4. The apparatus of claim 2 wherein said stent has distal and
proximal ends and a central section, and wherein said relief cut
means are formed only in said central section.
5. The apparatus of claim 2 wherein said interconnected members of
said stent have cross sections wherein the width is greater than
the thickness.
6. The apparatus of claim 5 wherein said width is between 1.5 and 5
times as great as said thickness.
7. The apparatus of claim 1 wherein said relief cut means comprises
one or more holes formed in and extending through one or more of
said interconnecting members.
8. The apparatus of claim 7 wherein said holes are circular.
9. The apparatus of claim 7 wherein said holes are elliptical.
10. The apparatus of claim 7 wherein said holes are slots.
11. The apparatus of claim 1 wherein said stent is a
self-expandable stent.
12. The apparatus of claim 1 wherein said relief cuts are applied
to said stent in patterns to allow controlled, non-uniform
expansion of said stent.
13. In an expandable stent having a plurality of cells and said
stent is movable between a retracted and an expanded position,
wherein said cells are formed by a plurality of flexible,
interconnected members, said members flexing relative to each other
as said tent expands, the improvement comprising: an array of
relief cut means formed in some of said members to cause said
members to flex more easily than without said relief cut means
being formed therein.
14. The apparatus of claim 13 wherein said stent is a
balloon-expandable stent.
15. The apparatus of claim 13 wherein said interconnected members
have cross sections wherein the width is between 1.5 and 5 times as
great as the thickness.
Description
CROSS REFERENCE TO RELATED APPLICATION
[0001] This is a continuation-in-part of U.S. patent application
Ser. No. 09/357,699 filed Jul. 20, 1999 and entitled EXPANDABLE
STENT.
BACKGROUND AND BRIEF SUMMARY OF THE INVENTION
[0002] The present invention relates generally to balloon
expandable and self-expanding stents. More particularly, the
present invention provides an array of relief cuts for use in a
variety of stent designs. According to the present invention, the
relief cuts are strategically placed to allow the stent to expand
more easily, requiring less pressure for the expansion, without any
significant loss of columnar compressive strength of the members
making up the stent. The present invention allows the use of wider
and thinner material, resulting in a stent with greater
radio-opacity, and resulting in a thinner walled stent allowing
maximum blood flow through the artery or other lumen.

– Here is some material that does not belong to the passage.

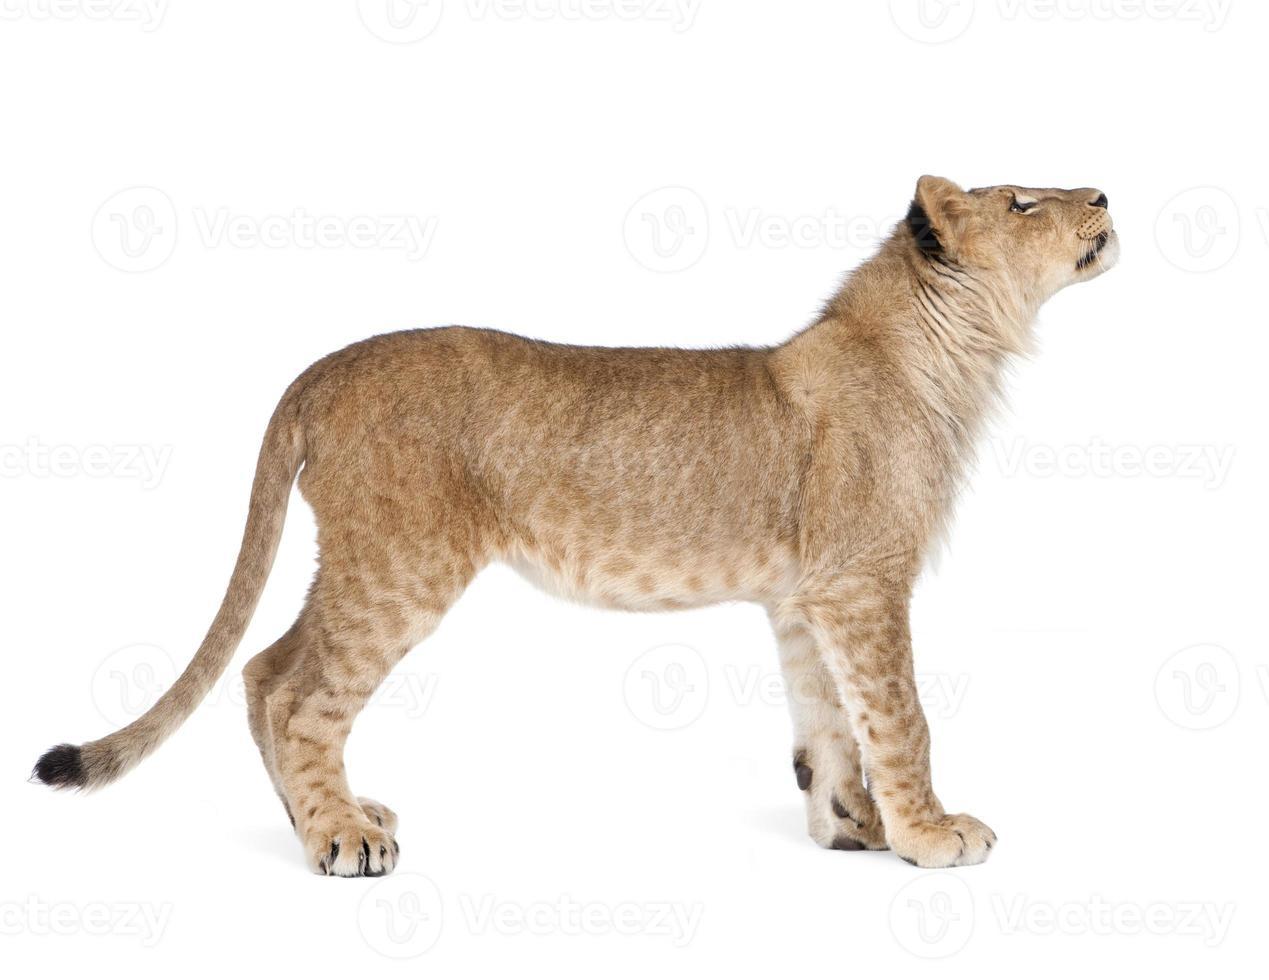 leeuwenwelpje 8 maanden foto

[0003] The prior art stent designs typically use stent members or
struts having circular cross sections as illustrated in FIGS. 4B,
4C and 4F or generally square cross sections as illustrated in FIG.
4H. FIG. 4A illustrates a typical prior art diamond-shaped cell
configuration utilizing the cross sections illustrated in FIGS. 4B,
4C, 4F and 4H. The prior art configurations illustrated in FIGS.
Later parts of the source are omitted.